【「ゴカヨウオウレン」とも、実際の花弁は黄色の蜜腺に変化】
キンポウゲ科オウレン属の春咲き多年草。日本固有種で、主に福島県以南の本州と四国の針葉樹林の林床や林縁、渓谷沿いなどに自生。3~4月ごろ、草丈10cmほどの花茎の先端に可憐な花を上向きに付ける。5枚の花びらは蕚(がく)が変化したもので、本当の花弁は真ん中から伸びた黄色い蜜腺。キンポウゲ科に多く見られる特徴で「蜜弁」と呼ばれる。
名前の由来はオウレンの仲間で、花の形が梅によく似ていることから。オウレン自体もわが国特産で、黄色い根茎が連なっていることから「黄連」(「黄蓮」とも)と名付けられたという。オウレンは古くから薬用植物として栽培されてきた。根茎を乾燥し煎じて飲む。整腸作用があり、下痢止めや二日酔いなどに効くそうだ。
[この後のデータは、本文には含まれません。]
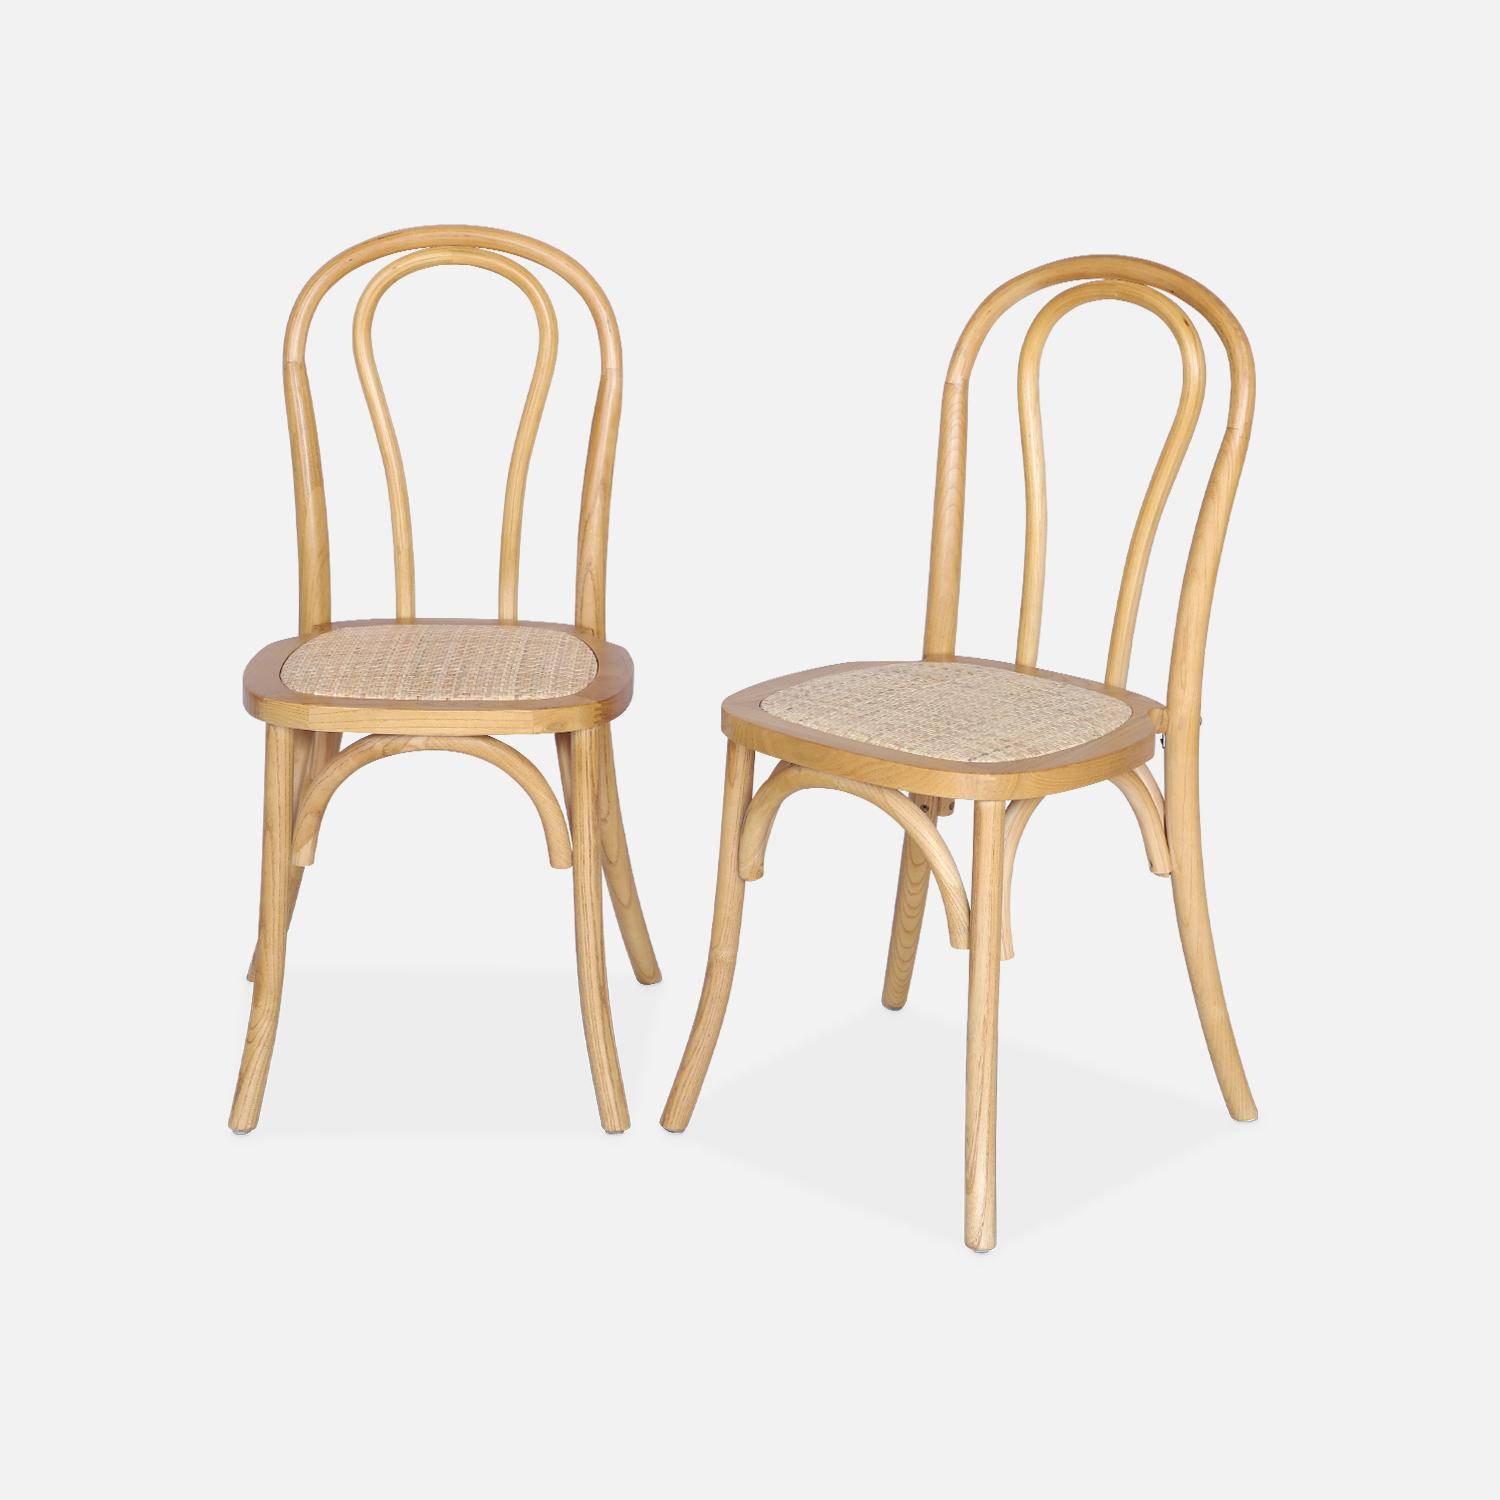 Set van twee vintage houten stoelen met rotan zitvlak en afgeronde rugleuning in natuurlijke houtkleur Photo1

バイカオウレンには「ゴカヨウ(五加葉)オウレン」という別名も。5枚の小葉が手を広げたような葉っぱの形が、ウコギ(五加木)に似ていることによる。四国に自生するものは本州産と花の形状がやや異なっていることから、変種として「シコクバイカオウレン」と呼ばれる。屋久島には全体に大型の「オオゴカヨウオウレン」が自生する。
オウレン属には他にミツバノバイカオウレン、ミツバオウレン、キクバオウレン、セリバオウレンなど。ミツバノバイカオウレンは中部以北の高山帯~亜高山帯に分布し、特に日本海側に多いことから「コシジ(越路)オウレン」とも呼ばれる。越路は北陸道の古称。「これからという思いありオウレンの花咲く朝の力湧きくる」(鳥海昭子)。